1. Field of the Invention
The present invention relates generally to a light assembly, and more particularly to a backlight assembly for a liquid crystal display device.
2. Description of the Related Art
A liquid crystal display (LCD) is a passive device that does not emit light. A liquid crystal display (LCD) device displays images by reflecting natural light that is incident on a liquid crystal (LC) panel of the LCD device and/or by using a backlight assembly that is incorporated into the LCD device.
The backlight assembly is generally classified into an edge-type and a direct-type, according to the position of the light source. In the edge-type backlight assembly, the light source is positioned near the edges of the LC panel. Thus, the edge-type backlight assembly needs a light guiding plate to guide the light to the LC panel disposed over the light guiding plate. In contrast, the direct-type backlight assembly does not need a light guiding plate because the light source is disposed under the LC panel and the light from the light source is directly incident on the LC panel. The edge-type backlight assembly is further classified into a flat-type and wedge-type according to the shape of the light guiding plate.
FIG. 1A is a cross sectional view of a conventional flat-type backlight assembly, and FIG. 1B is a cross sectional view of the conventional wedge-type backlight assembly.
As shown in FIG. 1A, a first and second lamp reflectors 12a and 12b are disposed near two opposing edges of the flat-type light guiding plate 10 for preventing light leakage. A first and second lamp units 14a and 14b are disposed on an inner surface of the first and second reflectors 12a and 12b, respectively. The light guiding plate 10 directs the light generated from the first and second lamp units 14a and 14b toward optical sheets 16. A reflective sheet 18 is disposed on a surface of the light guiding plate 10 that is opposite the surface that is closest to the optical sheets 16. The reflective sheet 18 reduces light leakage by reflecting any leaked light back toward the optical sheets 16. “Light leakage,” as used herein, is light traveling in directions that are not conducive to enhancing the luminance of the display device, e.g. away from the direction of the LC panel.

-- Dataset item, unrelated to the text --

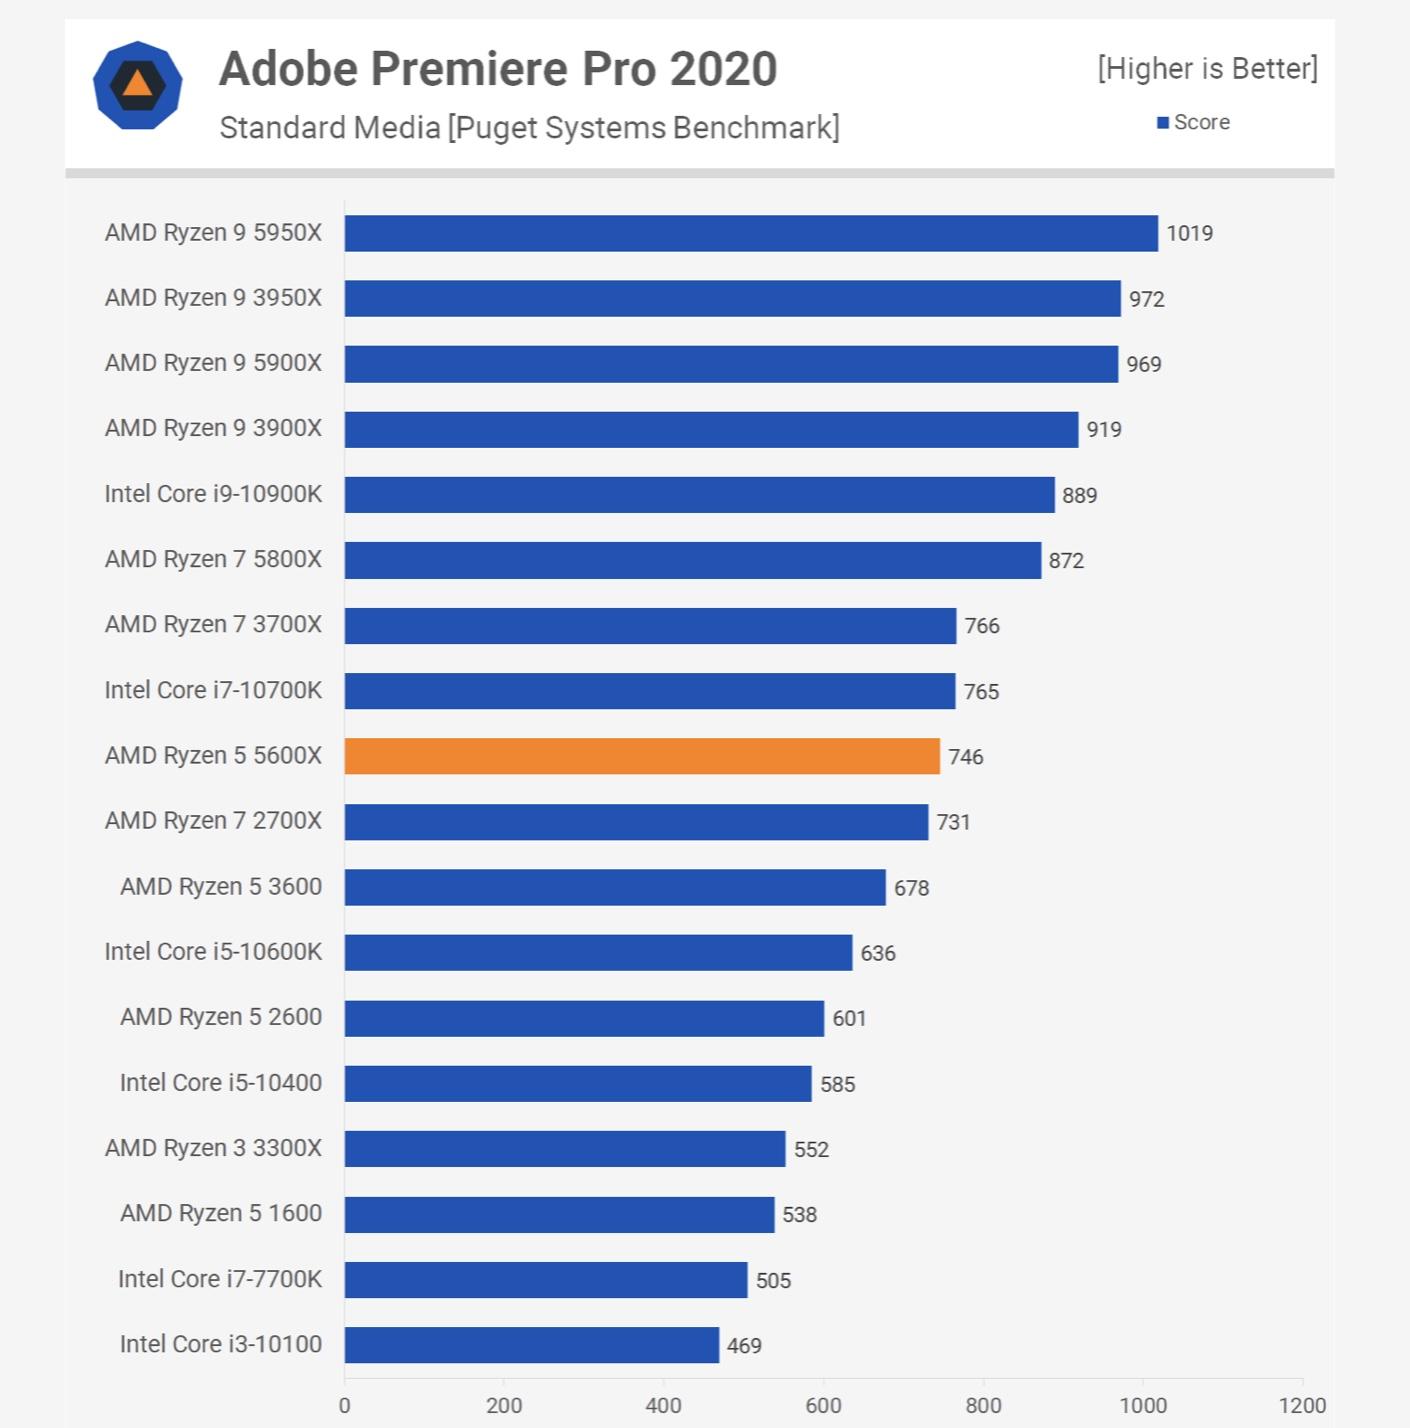 Adobe Premiere Pro Average All Processors - Source - techspot.com

As shown in FIG. 1B, in the wedge-type backlight assembly, a lamp reflector 22 is disposed near one end of a light guiding plate 20 to prevent light leakage. A lamp unit 24 is disposed on an inner surface of the lamp reflector 22. The light guiding plate 20 guides the light from the lamp unit 24 to optical sheets 26. A reflective sheet 28 is disposed on a surface of the light guiding plate 20 that is opposite the surface on which the optical sheets 26 are disposed. The reflective sheet 28 reduces light leakage by reflecting light toward the optical sheets 26.
A problem with these backlight assemblies is that the reflective sheet expands with temperature. The degree of expansion varies as a function of distance from the lamp, and when different parts of the reflective sheet expand by different amounts, the reflective sheet loses its flatness. As shown in FIG. 1A and 1B, the light guiding plate 10/20 presses down on the reflective sheet 18/28 and is positioned to receive light that is reflected by the reflective sheet 18/28. When the reflective sheet loses its flatness, however, not all the light is reflected in the intended direction. Thus, the uneven expansion of the reflective sheet 18/28 results in degradation of display quality.
A method is needed to reduce the negative effects caused by an uneven expansion of the reflective sheet, thereby preventing degradation of display quality with increased temperature.